● **Problem details**: Could you reproduce every record below exactly as it stands?

[Records from a collection]
____

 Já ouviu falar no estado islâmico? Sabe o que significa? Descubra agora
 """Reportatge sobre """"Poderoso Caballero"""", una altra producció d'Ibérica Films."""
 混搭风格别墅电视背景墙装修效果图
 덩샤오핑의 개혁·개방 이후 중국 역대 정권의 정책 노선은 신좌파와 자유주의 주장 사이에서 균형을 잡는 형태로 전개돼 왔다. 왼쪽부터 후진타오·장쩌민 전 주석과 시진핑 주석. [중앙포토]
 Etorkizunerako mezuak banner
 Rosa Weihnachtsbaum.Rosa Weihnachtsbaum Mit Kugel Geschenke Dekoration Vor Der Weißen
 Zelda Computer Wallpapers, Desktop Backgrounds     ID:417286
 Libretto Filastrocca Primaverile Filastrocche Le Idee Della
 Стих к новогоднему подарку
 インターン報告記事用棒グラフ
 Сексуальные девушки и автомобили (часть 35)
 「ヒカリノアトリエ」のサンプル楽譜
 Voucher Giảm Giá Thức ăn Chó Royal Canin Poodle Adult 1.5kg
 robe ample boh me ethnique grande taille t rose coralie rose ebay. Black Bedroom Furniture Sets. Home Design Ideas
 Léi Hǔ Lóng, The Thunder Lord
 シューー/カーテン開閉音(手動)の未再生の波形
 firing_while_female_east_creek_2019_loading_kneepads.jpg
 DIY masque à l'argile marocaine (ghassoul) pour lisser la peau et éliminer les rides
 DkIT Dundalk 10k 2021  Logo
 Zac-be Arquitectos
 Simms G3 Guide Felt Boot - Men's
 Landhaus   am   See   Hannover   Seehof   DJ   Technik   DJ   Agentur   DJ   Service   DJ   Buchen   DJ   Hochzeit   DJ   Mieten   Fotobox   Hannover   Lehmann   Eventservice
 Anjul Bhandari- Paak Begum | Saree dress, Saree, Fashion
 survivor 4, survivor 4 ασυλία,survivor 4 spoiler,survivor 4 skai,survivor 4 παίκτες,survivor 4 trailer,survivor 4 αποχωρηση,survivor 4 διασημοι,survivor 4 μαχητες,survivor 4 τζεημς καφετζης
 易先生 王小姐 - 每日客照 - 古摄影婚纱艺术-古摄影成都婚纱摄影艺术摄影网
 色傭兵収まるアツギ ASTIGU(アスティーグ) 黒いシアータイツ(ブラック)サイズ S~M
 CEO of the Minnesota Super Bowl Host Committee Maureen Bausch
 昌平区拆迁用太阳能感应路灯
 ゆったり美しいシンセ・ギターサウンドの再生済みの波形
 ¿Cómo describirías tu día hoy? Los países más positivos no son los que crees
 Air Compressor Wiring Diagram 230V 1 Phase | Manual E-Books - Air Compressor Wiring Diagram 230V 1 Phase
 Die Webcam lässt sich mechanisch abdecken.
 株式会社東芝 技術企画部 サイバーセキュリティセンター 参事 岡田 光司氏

____

● **Completed task**:
 Já ouviu falar no estado islâmico? Sabe o que significa? Descubra agora
 """Reportatge sobre """"Poderoso Caballero"""", una altra producció d'Ibérica Films."""
 混搭风格别墅电视背景墙装修效果图
 덩샤오핑의 개혁·개방 이후 중국 역대 정권의 정책 노선은 신좌파와 자유주의 주장 사이에서 균형을 잡는 형태로 전개돼 왔다. 왼쪽부터 후진타오·장쩌민 전 주석과 시진핑 주석. [중앙포토]
 Etorkizunerako mezuak banner
 Rosa Weihnachtsbaum.Rosa Weihnachtsbaum Mit Kugel Geschenke Dekoration Vor Der Weißen
 Zelda Computer Wallpapers, Desktop Backgrounds     ID:417286
 Libretto Filastrocca Primaverile Filastrocche Le Idee Della
 Стих к новогоднему подарку
 インターン報告記事用棒グラフ
 Сексуальные девушки и автомобили (часть 35)
 「ヒカリノアトリエ」のサンプル楽譜
 Voucher Giảm Giá Thức ăn Chó Royal Canin Poodle Adult 1.5kg
 robe ample boh me ethnique grande taille t rose coralie rose ebay. Black Bedroom Furniture Sets. Home Design Ideas
 Léi Hǔ Lóng, The Thunder Lord
 シューー/カーテン開閉音(手動)の未再生の波形
 firing_while_female_east_creek_2019_loading_kneepads.jpg
 DIY masque à l'argile marocaine (ghassoul) pour lisser la peau et éliminer les rides
 DkIT Dundalk 10k 2021  Logo
 Zac-be Arquitectos
 Simms G3 Guide Felt Boot - Men's
 Landhaus   am   See   Hannover   Seehof   DJ   Technik   DJ   Agentur   DJ   Service   DJ   Buchen   DJ   Hochzeit   DJ   Mieten   Fotobox   Hannover   Lehmann   Eventservice
 Anjul Bhandari- Paak Begum | Saree dress, Saree, Fashion
 survivor 4, survivor 4 ασυλία,survivor 4 spoiler,survivor 4 skai,survivor 4 παίκτες,survivor 4 trailer,survivor 4 αποχωρηση,survivor 4 διασημοι,survivor 4 μαχητες,survivor 4 τζεημς καφετζης
 易先生 王小姐 - 每日客照 - 古摄影婚纱艺术-古摄影成都婚纱摄影艺术摄影网
 色傭兵収まるアツギ ASTIGU(アスティーグ) 黒いシアータイツ(ブラック)サイズ S~M
 CEO of the Minnesota Super Bowl Host Committee Maureen Bausch
 昌平区拆迁用太阳能感应路灯
 ゆったり美しいシンセ・ギターサウンドの再生済みの波形
 ¿Cómo describirías tu día hoy? Los países más positivos no son los que crees
 Air Compressor Wiring Diagram 230V 1 Phase | Manual E-Books - Air Compressor Wiring Diagram 230V 1 Phase
 Die Webcam lässt sich mechanisch abdecken.
 株式会社東芝 技術企画部 サイバーセキュリティセンター 参事 岡田 光司氏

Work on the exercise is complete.